Attorney-General of Western Australia
- In office December 1872 – 25 February 1879
- Preceded by: Robert John Walcott
- Succeeded by: George Walpole Leake

Attorney General of Jamaica
- In office 1881–1896
- Preceded by: Edward Loughlin O'Malley
- Succeeded by: Henry Rawlins Pipon Schooles

Personal details
- Born: 16 July 1842 Kennington, Surrey, England
- Died: 9 June 1907 (aged 64)
- Alma mater: St John's College, Oxford
- Occupation: Colonial administrator

= Henry Hicks Hocking =

British colonial administrator (1842–1907)

Henry Hicks Hocking (16 July 1842 – 9 June 1907) was a British colonial administrator.

He was born the son of Richard Hocking, a merchant of Kennington, Surrey, and educated at St John's College, Oxford, where he graduated with a BA in 1864 and BCL in 1867. He entered the Inner Temple to study law and was called to the bar in 1867.

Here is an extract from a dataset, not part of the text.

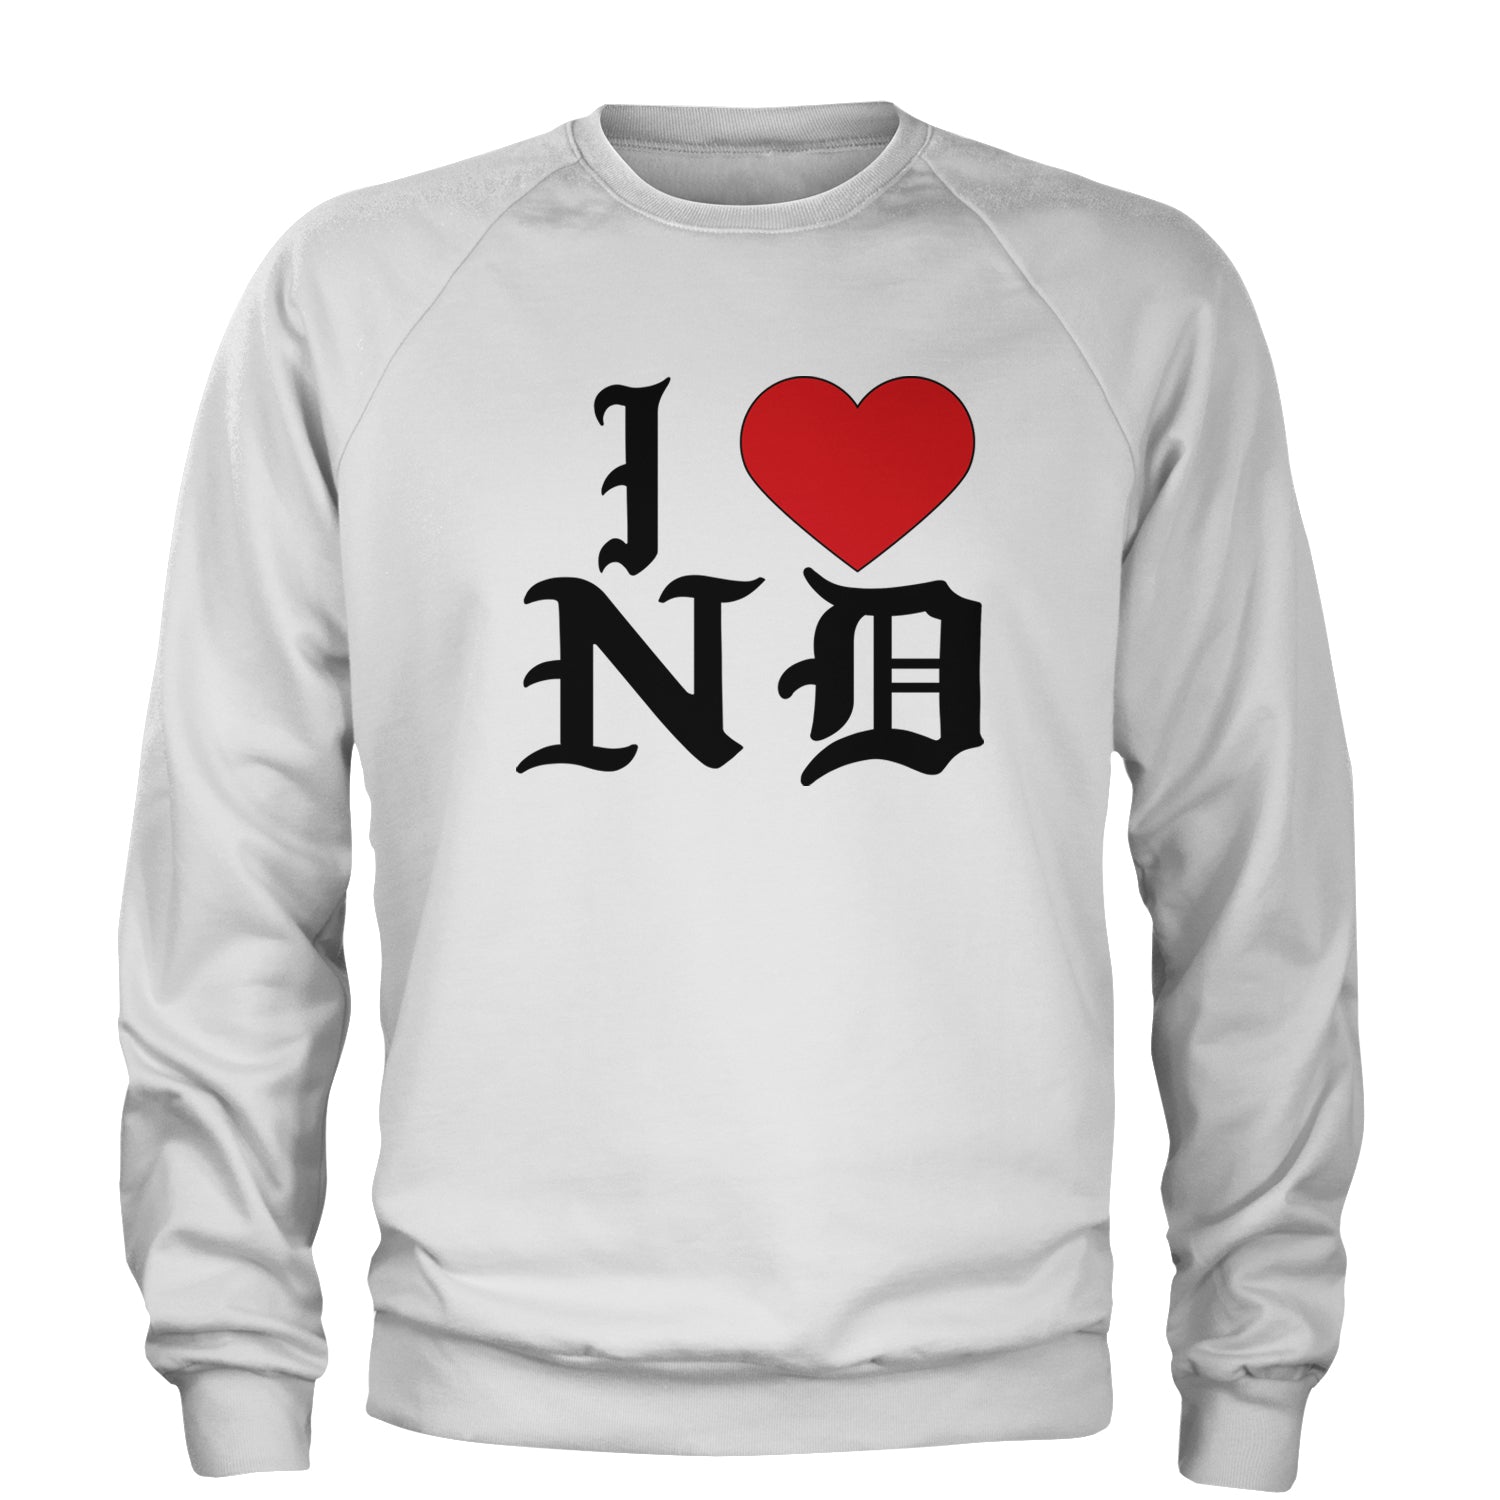 I Heart ND Punk Ska Guts Adult Crewneck Sweatshirt

After some years in practice in England, Hocking went to Western Australia where he served as Attorney-General of Western Australia from 1872 to 1879, excepting a period in 1874/5 when he was acting Chief Justice in the absence of Archibald Burt. In 1879/80 he was acting Chief Justice of Gibraltar.

He was knighted in 1895.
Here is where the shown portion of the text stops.